[Opening Data extract section]

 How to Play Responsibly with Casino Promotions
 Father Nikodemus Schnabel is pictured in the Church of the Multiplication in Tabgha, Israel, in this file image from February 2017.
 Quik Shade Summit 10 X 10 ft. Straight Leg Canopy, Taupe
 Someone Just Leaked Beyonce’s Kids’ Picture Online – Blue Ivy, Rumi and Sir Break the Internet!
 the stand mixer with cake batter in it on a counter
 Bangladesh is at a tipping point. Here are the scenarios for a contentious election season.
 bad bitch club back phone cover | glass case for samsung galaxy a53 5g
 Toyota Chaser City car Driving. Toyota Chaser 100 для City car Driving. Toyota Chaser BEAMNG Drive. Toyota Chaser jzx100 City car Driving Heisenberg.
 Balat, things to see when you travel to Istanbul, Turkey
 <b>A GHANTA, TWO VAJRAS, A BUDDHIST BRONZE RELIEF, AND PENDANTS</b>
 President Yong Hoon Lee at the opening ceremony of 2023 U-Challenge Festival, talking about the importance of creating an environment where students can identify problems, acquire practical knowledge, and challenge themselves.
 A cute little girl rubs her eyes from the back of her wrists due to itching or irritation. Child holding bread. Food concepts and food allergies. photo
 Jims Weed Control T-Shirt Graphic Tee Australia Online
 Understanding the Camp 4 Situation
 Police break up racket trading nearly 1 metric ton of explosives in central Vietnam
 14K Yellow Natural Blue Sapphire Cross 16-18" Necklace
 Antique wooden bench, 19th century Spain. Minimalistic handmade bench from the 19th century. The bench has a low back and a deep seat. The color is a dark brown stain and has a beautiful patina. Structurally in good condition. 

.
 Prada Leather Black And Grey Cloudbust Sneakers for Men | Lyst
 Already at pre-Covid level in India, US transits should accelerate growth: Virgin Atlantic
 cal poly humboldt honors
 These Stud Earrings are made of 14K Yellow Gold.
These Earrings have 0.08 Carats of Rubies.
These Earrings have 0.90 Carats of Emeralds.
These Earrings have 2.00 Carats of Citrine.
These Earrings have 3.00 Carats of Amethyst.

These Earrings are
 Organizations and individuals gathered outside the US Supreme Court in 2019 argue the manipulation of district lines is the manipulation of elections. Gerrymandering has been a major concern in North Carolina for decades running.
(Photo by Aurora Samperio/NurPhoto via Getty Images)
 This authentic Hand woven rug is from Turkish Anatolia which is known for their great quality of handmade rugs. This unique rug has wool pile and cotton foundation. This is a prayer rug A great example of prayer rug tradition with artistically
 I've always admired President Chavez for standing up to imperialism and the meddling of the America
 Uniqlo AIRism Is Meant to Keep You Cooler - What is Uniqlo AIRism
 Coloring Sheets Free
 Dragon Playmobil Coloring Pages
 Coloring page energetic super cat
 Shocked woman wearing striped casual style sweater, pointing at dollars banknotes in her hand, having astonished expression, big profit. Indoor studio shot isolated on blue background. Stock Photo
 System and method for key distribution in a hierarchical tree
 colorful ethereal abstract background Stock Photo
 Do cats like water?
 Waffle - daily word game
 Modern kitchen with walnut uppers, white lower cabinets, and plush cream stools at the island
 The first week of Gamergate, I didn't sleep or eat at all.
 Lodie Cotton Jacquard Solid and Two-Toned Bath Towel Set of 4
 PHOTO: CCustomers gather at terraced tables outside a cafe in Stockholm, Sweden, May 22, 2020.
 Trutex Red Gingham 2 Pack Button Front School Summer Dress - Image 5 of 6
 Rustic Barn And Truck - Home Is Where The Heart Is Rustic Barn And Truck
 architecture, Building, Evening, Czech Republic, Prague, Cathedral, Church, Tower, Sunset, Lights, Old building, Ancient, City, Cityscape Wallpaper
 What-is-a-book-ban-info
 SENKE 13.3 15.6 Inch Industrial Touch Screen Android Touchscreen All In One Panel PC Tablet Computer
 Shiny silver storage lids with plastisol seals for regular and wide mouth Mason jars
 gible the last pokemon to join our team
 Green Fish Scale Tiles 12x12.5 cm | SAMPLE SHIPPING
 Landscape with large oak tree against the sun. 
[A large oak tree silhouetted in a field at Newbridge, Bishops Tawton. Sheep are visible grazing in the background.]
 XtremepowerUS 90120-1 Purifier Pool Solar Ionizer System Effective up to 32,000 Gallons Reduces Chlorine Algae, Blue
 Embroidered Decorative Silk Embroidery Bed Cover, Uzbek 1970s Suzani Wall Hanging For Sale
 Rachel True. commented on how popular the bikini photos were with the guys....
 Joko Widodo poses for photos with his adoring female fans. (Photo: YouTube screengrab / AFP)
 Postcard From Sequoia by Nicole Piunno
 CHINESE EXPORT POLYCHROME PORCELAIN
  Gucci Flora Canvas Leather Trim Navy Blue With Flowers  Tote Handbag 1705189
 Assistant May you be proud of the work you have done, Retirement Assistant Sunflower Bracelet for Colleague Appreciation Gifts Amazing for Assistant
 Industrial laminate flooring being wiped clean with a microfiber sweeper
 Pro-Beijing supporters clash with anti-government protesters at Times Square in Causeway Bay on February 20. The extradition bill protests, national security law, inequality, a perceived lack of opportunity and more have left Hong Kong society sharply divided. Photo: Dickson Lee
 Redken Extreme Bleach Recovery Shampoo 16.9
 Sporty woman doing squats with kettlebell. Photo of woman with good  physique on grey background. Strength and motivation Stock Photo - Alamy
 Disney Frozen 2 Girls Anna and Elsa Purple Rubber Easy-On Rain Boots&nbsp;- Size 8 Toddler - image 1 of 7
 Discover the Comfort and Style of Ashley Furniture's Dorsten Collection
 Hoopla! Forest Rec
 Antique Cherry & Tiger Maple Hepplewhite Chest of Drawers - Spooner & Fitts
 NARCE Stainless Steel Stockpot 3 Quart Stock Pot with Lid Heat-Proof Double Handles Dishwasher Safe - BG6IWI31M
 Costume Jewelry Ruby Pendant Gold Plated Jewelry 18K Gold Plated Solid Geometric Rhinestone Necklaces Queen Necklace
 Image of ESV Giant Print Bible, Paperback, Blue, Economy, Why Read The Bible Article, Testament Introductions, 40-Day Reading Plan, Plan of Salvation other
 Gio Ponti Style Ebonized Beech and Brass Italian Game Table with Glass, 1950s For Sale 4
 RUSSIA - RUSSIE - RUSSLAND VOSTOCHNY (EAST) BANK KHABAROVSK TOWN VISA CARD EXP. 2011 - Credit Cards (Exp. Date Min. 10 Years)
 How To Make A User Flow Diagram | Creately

[Closing Data extract section]

**Work to be completed:**
Once you find the line with "Assistant May you" above, print it and every line after it up to and including the line with "NARCE Stainless Steel", exactly as written and nothing else.

**Exercise solution:**
 Assistant May you be proud of the work you have done, Retirement Assistant Sunflower Bracelet for Colleague Appreciation Gifts Amazing for Assistant
 Industrial laminate flooring being wiped clean with a microfiber sweeper
 Pro-Beijing supporters clash with anti-government protesters at Times Square in Causeway Bay on February 20. The extradition bill protests, national security law, inequality, a perceived lack of opportunity and more have left Hong Kong society sharply divided. Photo: Dickson Lee
 Redken Extreme Bleach Recovery Shampoo 16.9
 Sporty woman doing squats with kettlebell. Photo of woman with good  physique on grey background. Strength and motivation Stock Photo - Alamy
 Disney Frozen 2 Girls Anna and Elsa Purple Rubber Easy-On Rain Boots&nbsp;- Size 8 Toddler - image 1 of 7
 Discover the Comfort and Style of Ashley Furniture's Dorsten Collection
 Hoopla! Forest Rec
 Antique Cherry & Tiger Maple Hepplewhite Chest of Drawers - Spooner & Fitts
 NARCE Stainless Steel Stockpot 3 Quart Stock Pot with Lid Heat-Proof Double Handles Dishwasher Safe - BG6IWI31M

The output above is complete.